A Comparison of Parameter Estimation Methods for Shared Frailty Models
Tingxuan Wu, Cindy Feng, Longhai Li

TL;DR
This paper systematically compares six parameter estimation methods for shared frailty survival models through simulation studies, evaluating their accuracy, convergence, and computational efficiency to guide researchers in selecting appropriate tools.
Contribution
It provides a comprehensive comparison of six estimation methods for shared frailty models, highlighting their performance differences in various simulation scenarios.
Findings
PPL and EM methods show lower bias in parameter estimates.
MML and MPL methods have faster convergence rates.

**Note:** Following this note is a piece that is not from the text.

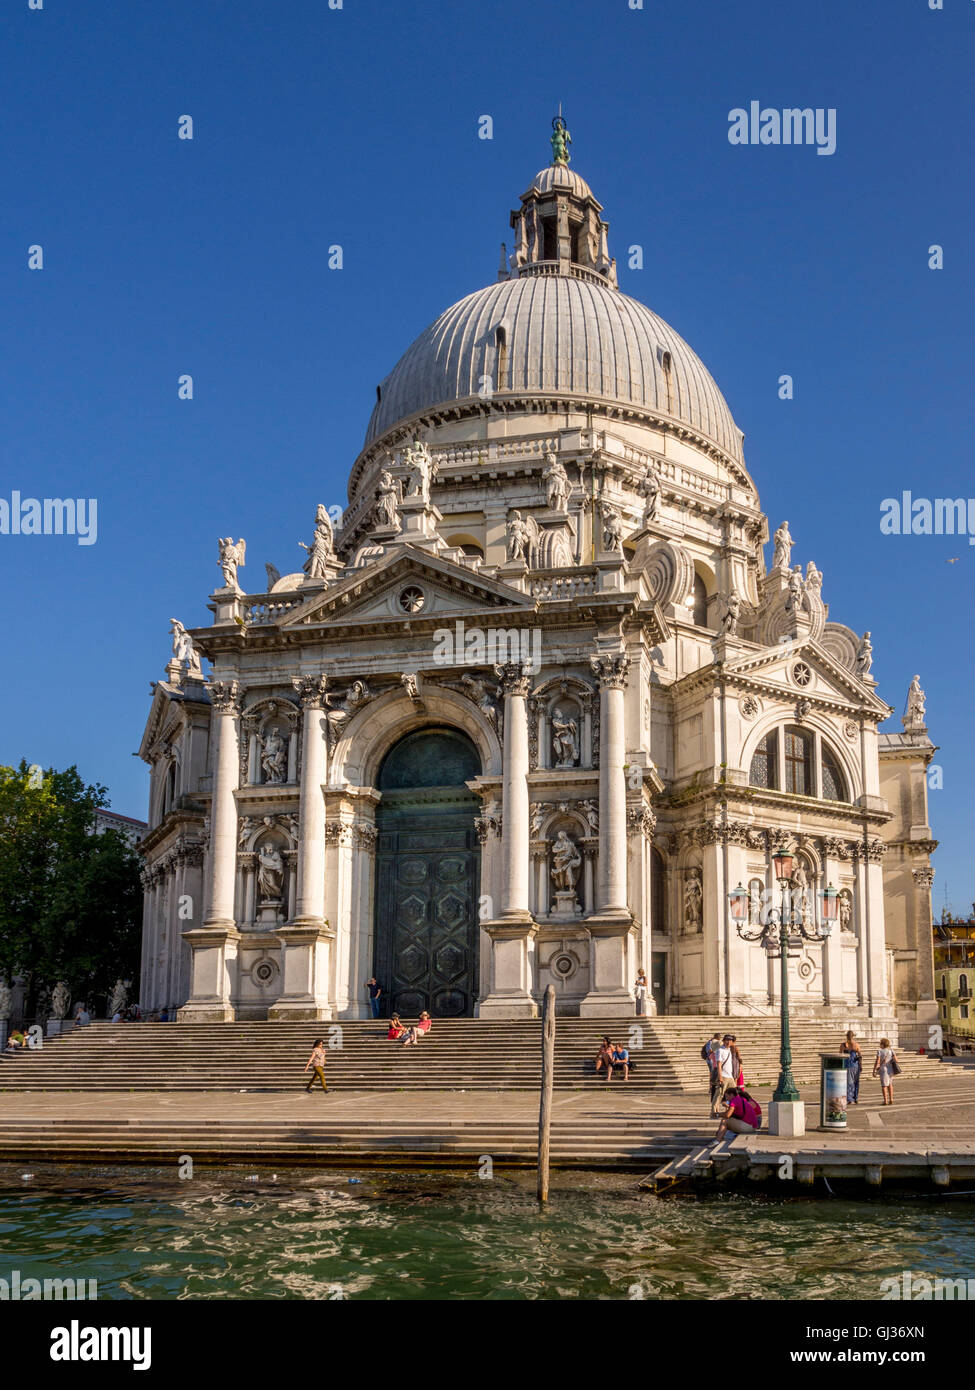 Fassade der Kirche Santa Maria della Salute, mit den Canal im Vordergrund. Venedig, Italien. Stockfoto
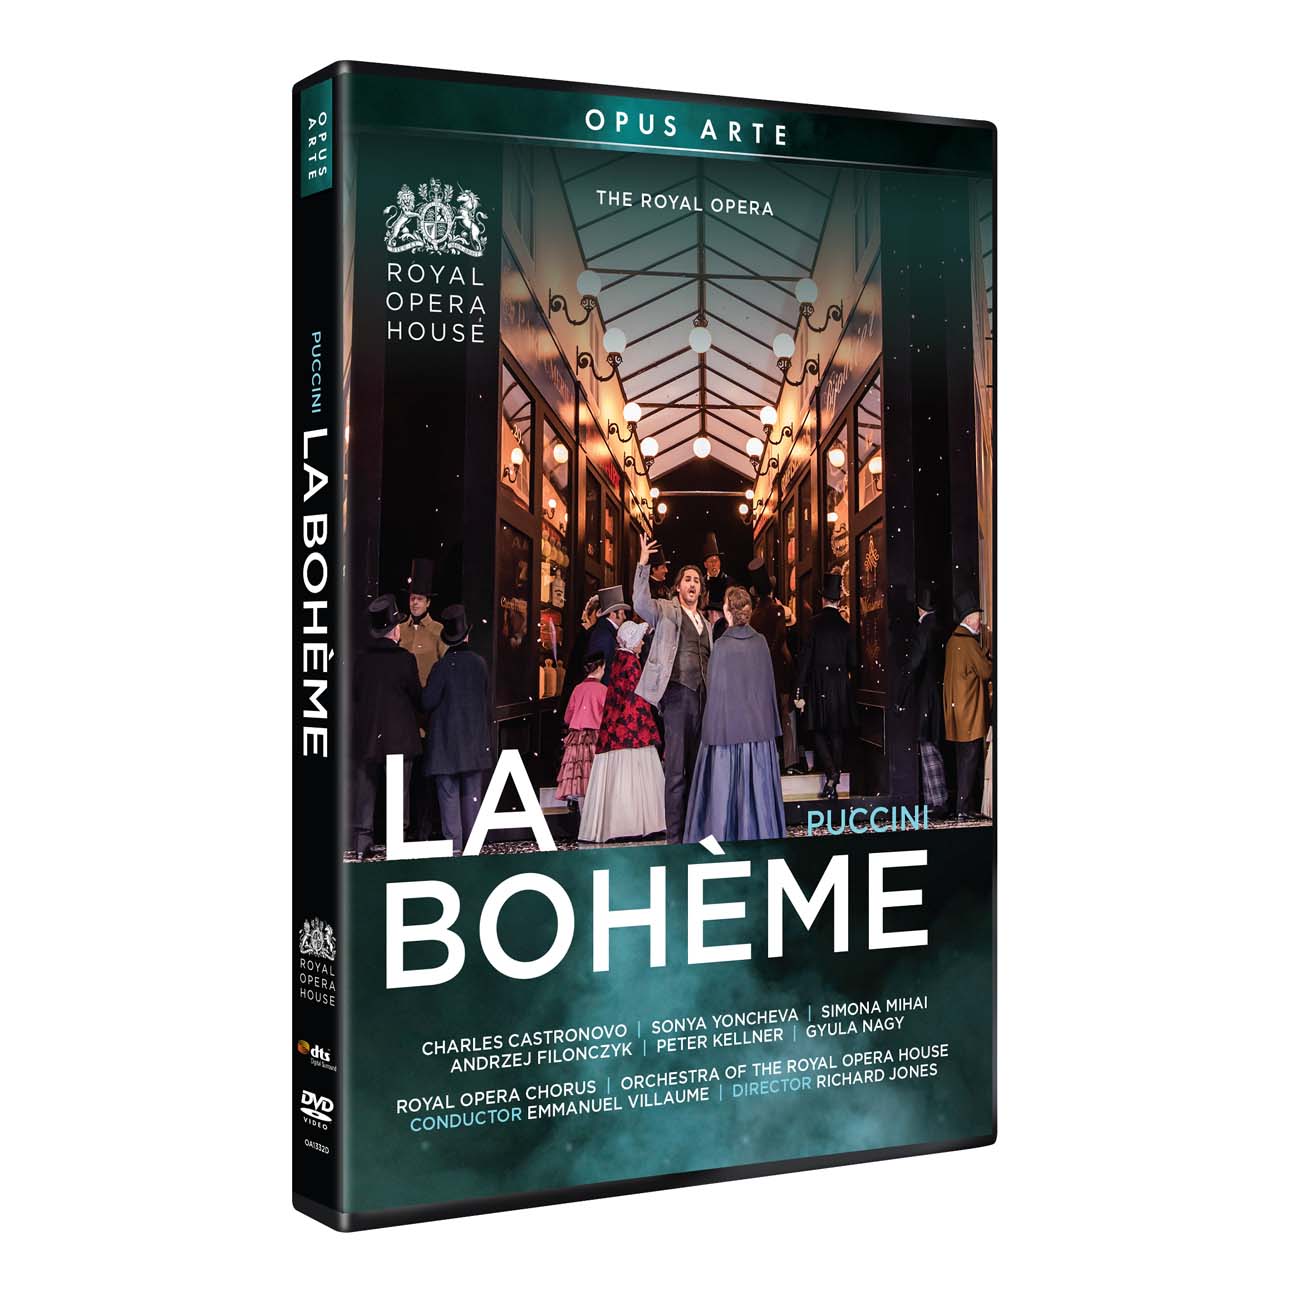 Boheme (dvd)

Computational time varies significantly across methods.
Abstract
This paper compares six different parameter estimation methods for shared frailty models via a series of simulation studies. A shared frailty model is a survival model that incorporates a random effect term, where the frailties are common or shared among individuals within specific groups. Several parameter estimation methods are available for fitting shared frailty models, such as penalized partial likelihood (PPL), expectation-maximization (EM), pseudo full likelihood (PFL), hierarchical likelihood (HL), maximum marginal likelihood (MML), and maximization penalized likelihood (MPL) algorithms. These estimation methods are implemented in various R packages, providing researchers with various options for analyzing clustered survival data using shared frailty models. However, there is a limited amount of research comparing the performance of these parameter estimation methods for fitting…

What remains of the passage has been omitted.